Sedor cocked his head at Benjamin. He let Bogo's arm drop to the floor and pulled up his shirt. Bogo tried and failed to grit his teeth, knowing that the bear was checking out his scar.

"You've got nothing to lose from letting him go. I'm the dangerous one. I'm the only one who can identify you as Woolton's killer. If you let him live, I'll come quietly. I'll even let you eat me if you want. Just let him live."

Sedor looked back at the cheetah abruptly. Bogo had seen that reaction several times in the interrogation room, when a suspect or witness was confronted with a game-changing piece of evidence. Benjamin's terrified expression softened slightly as he too realized the bear's confusion.

"Hang on." He said slowly. "You killed Woolton right there in Bug Burga. If you were going to kill me, you would have done it in the church." He got up from the floor, staring at Sedor. "But… then what do you want? For crying out loud, why don't you say something?!"

There was a quiet rumble in Sedor's throat. Bogo couldn't recall the bear saying a single word in the two or three times he'd encountered him.

Sedor appeared to scrutinize them both for a second. Then he straightened, lifted the cheetah and put him over his shoulder before he could react. Then he looked down at Bogo, bent down, grabbed the buffalo's leg and started to drag him across the platform.

"Wait! I wish to accompany you on your voyage." In flapped Levvar, the fur of his face crusted with the blood from his cut. He perched himself on the brim of Sedor's hat and hung upside down before the bear's masked face. "My initial objective was to apprise you of the necessitous buffalo's presence, but I see that was not required." Sedor grumbled and dragged Bogo into the cable car, slid the door shut, and released the buffalo to activate the controls. "I know, I know, my Sesquipedalian Loquaciousness is irksome and inessential… but it irritates the fuck out of our bovine acquaintance, so who gives a hoot?"
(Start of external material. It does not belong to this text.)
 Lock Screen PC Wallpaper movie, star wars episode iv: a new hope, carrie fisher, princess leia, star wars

Oh, that bat could go to hell.

Bogo felt a jolt beneath his useless body as the cable car came to life and began its journey through the tunnel. Sedor stepped over Bogo, set Benjamin down on the seat and sat down beside the cheetah.

"How long will this trip take, two hours?" Levvar asked. His large eyes were on Bogo, and he didn't like the greedy look the nutty little creature was giving him. "You won't be perturbed if I refresh myself, do you? I have some unfinished business with our guest."
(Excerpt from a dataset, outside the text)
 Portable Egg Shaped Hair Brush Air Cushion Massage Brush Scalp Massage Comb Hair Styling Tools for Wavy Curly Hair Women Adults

Benjamin tried to get up and intervene, but Sedor grabbed his shoulder and held him firmly in place. Levvar flew down and landed on Bogo's chest. He crawled up until Bogo could fell his light weight pressing on the dressing around his throat.

"Not the neck!" the cheetah yelled. Levvar ignored him.

I should have known that would come back to bite me, Bogo thought. He felt nothing at all when Levvar drew a fang across his skin and started licking.